This is similar to how some conventional systems operate. Thus,
conventional deduplication, which operates on cached data, might
not be effective to properly group together the blocks 56 from a
single write command 54 larger than a single block. In addition,
the order of the blocks 54 might not be the same as the order in
which they were placed in the write command 54.
[0031] Therefore, as depicted, when deduplication layer 50 operates
on the write cache 60, it makes reference to block metadata 62
stored in connection with each block 56 to logically reorganize the
cached blocks 56 into reconstructed writes 64 with the blocks 56
grouped appropriately and in the appropriate order. For example,
this metadata 62 may include a timestamp, LUN, and LBA for each
block 56. It should be noted that in embodiments in which write
commands 54 are processed atomically for insertion into the write
cache 60 without being divided into sub-commands, this
reconstruction may be omitted.
[0032] Deduplication layer 50 also operates to generate a
representative hash digest 66 for each reconstructed write 64 (or
for each write command 54 if reconstruction is not performed) by
hashing a subset of the data of that write 64. This hashing is done
by applying a hashing algorithm such as, for example, SHA-2. Other
hashing algorithms may be used instead, such as, for example,
SHA-0, SHA-1, SHA-3, and MD5. Such algorithms may provide
bit-depths such as 128 bits, 160 bits, 172 bits, 224 bits, 256
bits, 384 bits, and 512 bits, for example.
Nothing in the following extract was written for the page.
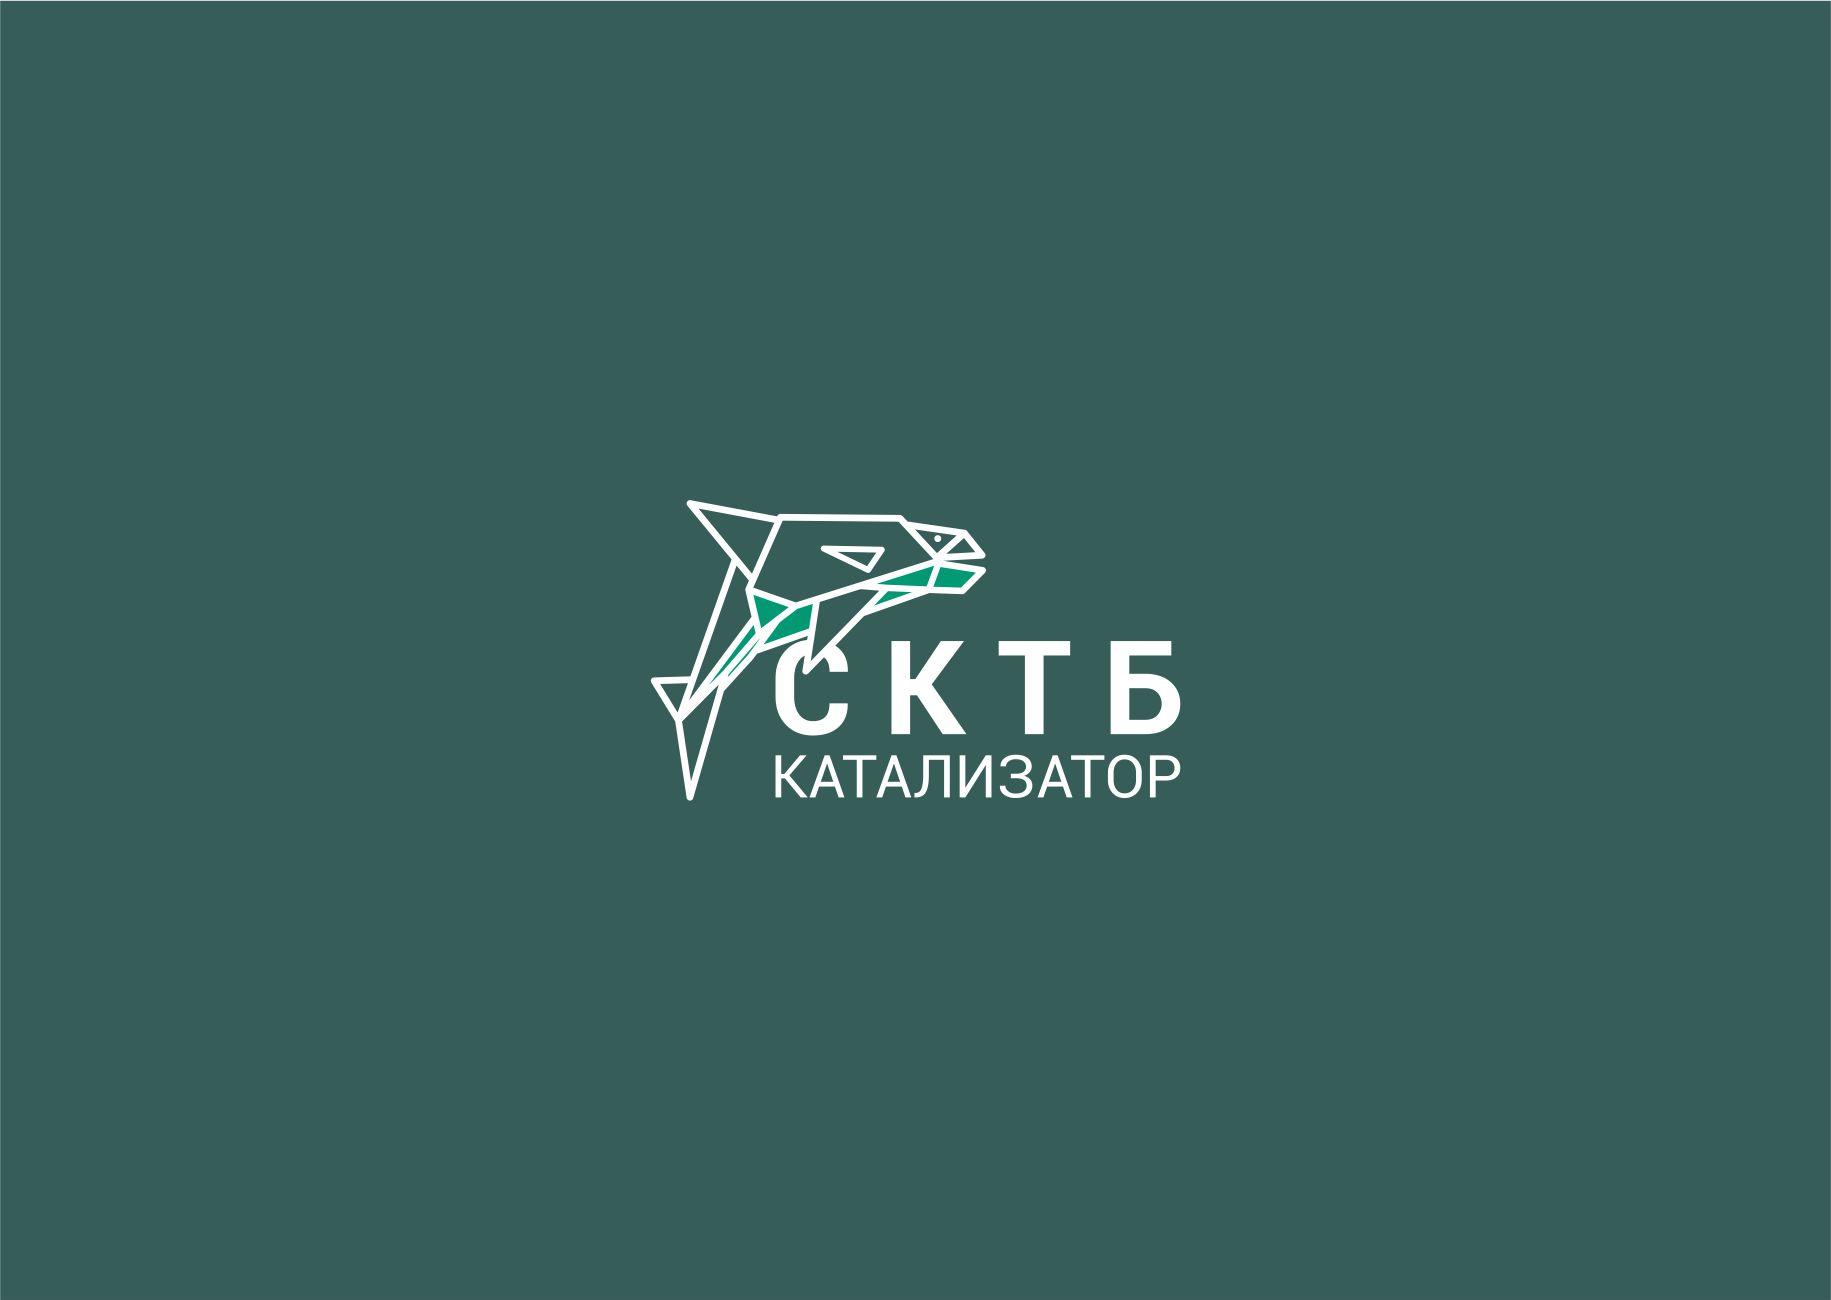 Разработка фирменного символа компании - касатки, НЕ ЛОГОТИП фото f_6965afe53bd39c59.jpg

Preferably an advanced
hashing algorithm with a high bit-depth is used to ensure a low
probability of hash collisions.
[0033] In some embodiments, the subset of the data that is hashed
to generate the representative hash digest 66 is the first block 56
of each reconstructed write 64 (e.g., block 56(1) for reconstructed
write 64(a); block 56(5) for reconstructed write 64(b), etc.). In
other embodiments, the subset that is hashed to generate the
representative hash digest 66 is the first sector (e.g., the first
512 bytes) of each reconstructed write 64. In other embodiments,
the subset that is hashed to generate the representative hash
digest 66 is a concatenation of the first and last blocks 56 of
each reconstructed write 64 (e.g., a concatenation of blocks 56(1)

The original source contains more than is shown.